Таким-то переменным или непостоянным нравом обладал помещик Пустошкин, вдовец лет сорока на вид, довольно здоровый и плотный, с окладистой черной бородой, начинавшей уже местами седеть; лицо его было довольно приятное, взгляд больших голубых глаз нежен и ласков, но в минуту гнева этот взгляд заставлял дрожать многих.
Княжна Ирина Алексеевна сильно заблуждалась, найдя его похожим на разбойника; разбойничьего во всей фигуре Пустошкина ничего не было; напротив, он был довольно привлекательный мужчина и с первого взгляда на него располагал в свою пользу.
Одевался Пустошкин тоже как-то странно: постоянной его одеждой был простой суконный кафтан, подпоясанный красным кушаком; на голове носил он низкую мерлушечью шапку; зимой поверх кафтана он надевал простой овчинный полушубок и в таком наряде ездил и в город, и представлялся губернатору.

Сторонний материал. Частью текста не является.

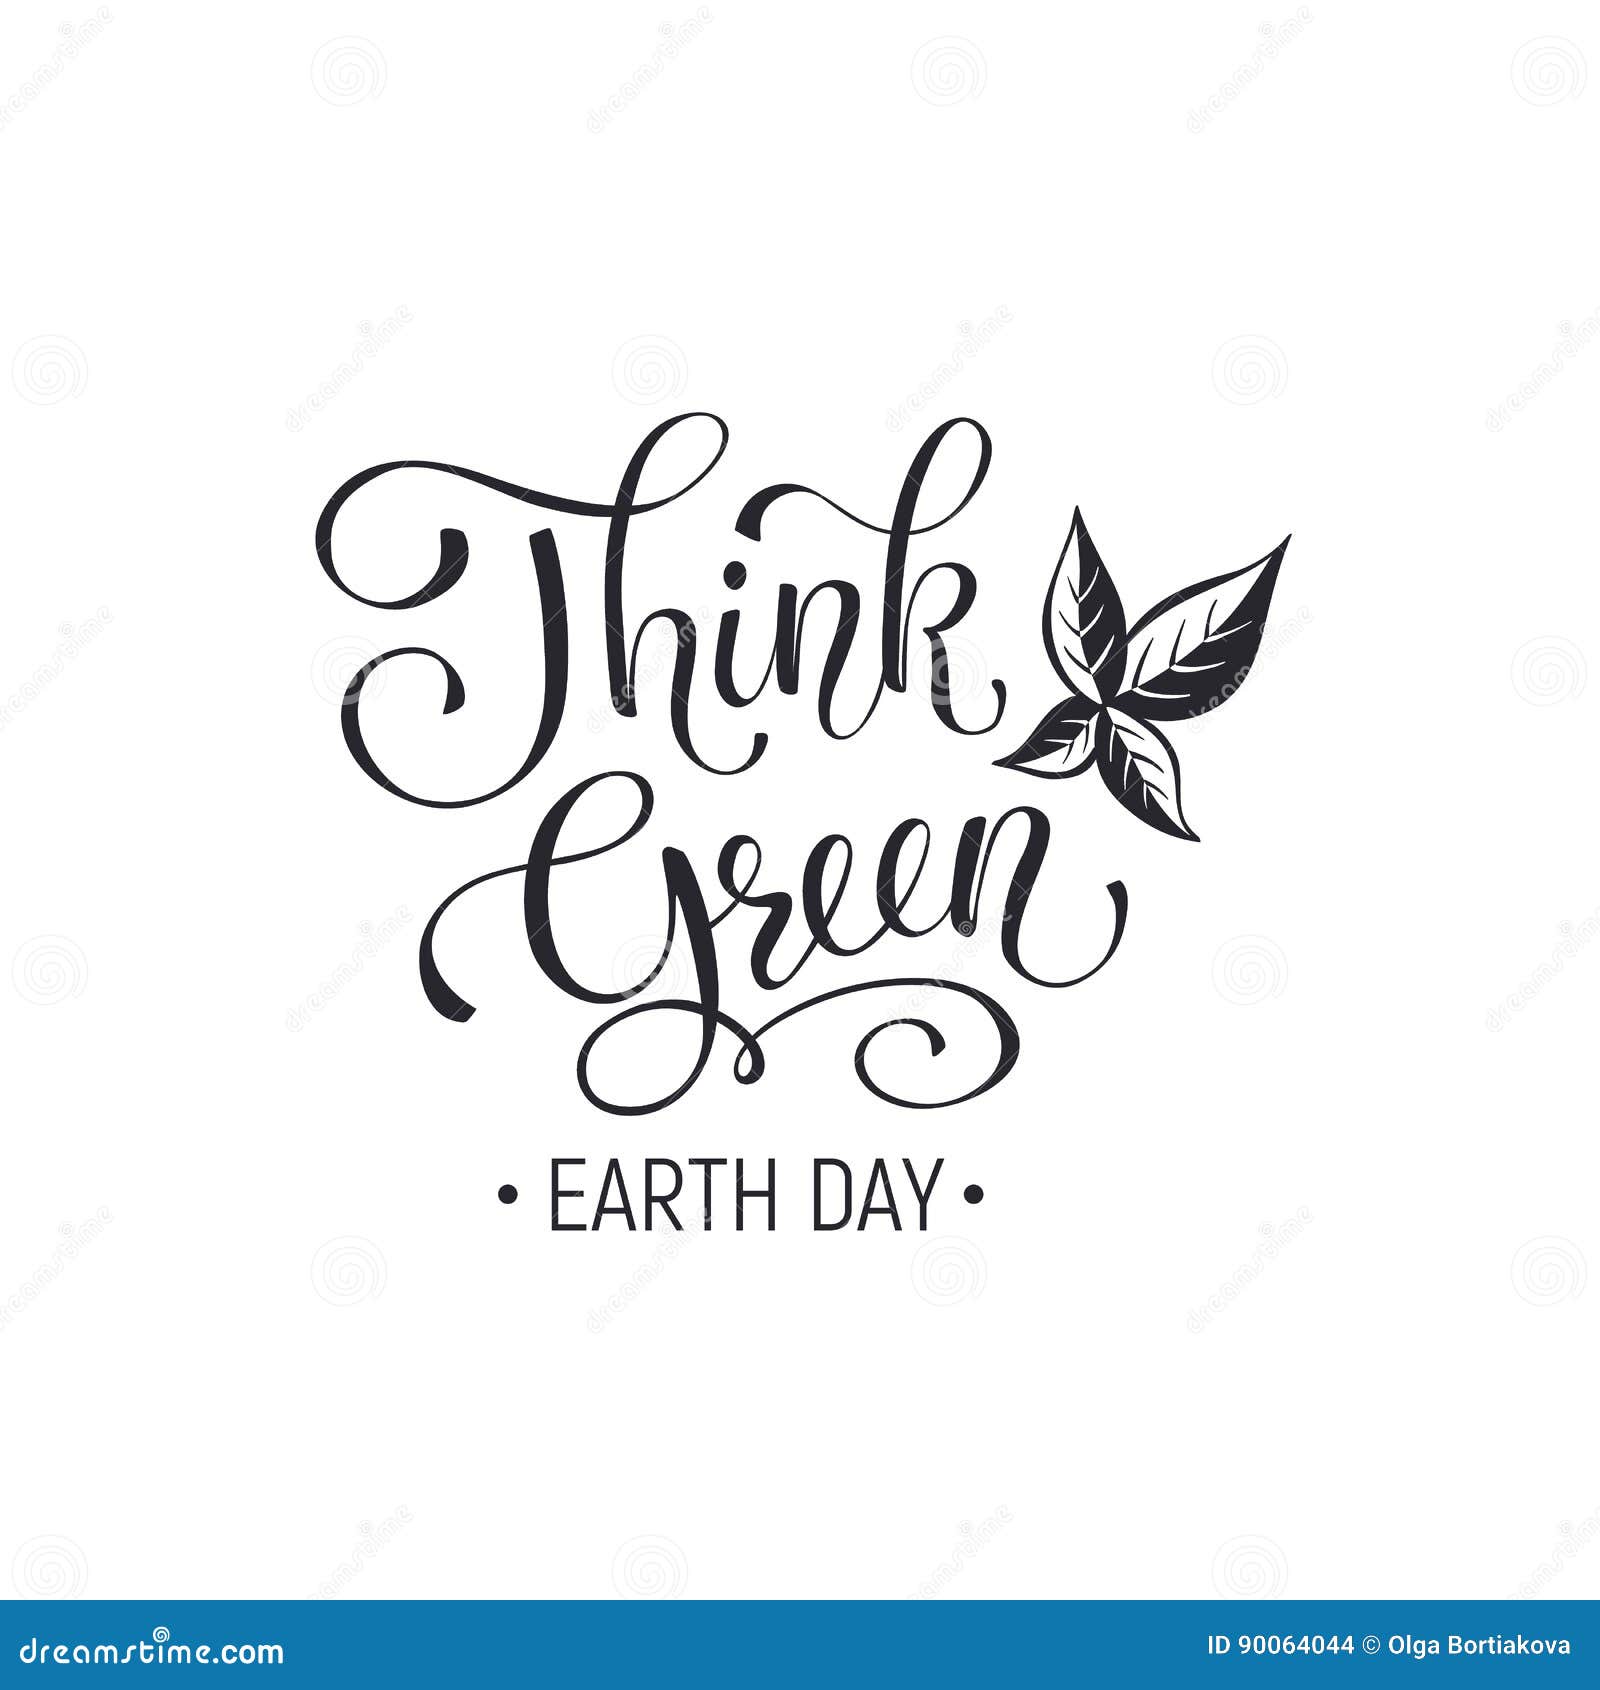 earth day wording

Странный нрав Егора Пустошкина был хорошо известен губернатору и другим властям.
На все причуды Пустошкина смотрели сквозь пальцы, а причуд у него было немало.
Жил он замкнуто в своей лесной усадьбе, сам редко куда выезжал и к себе принимал неохотно.
Да к Пустошкину боялись и ездить; приедешь к нему на несколько часов, а прогостишь несколько дней волей-неволей.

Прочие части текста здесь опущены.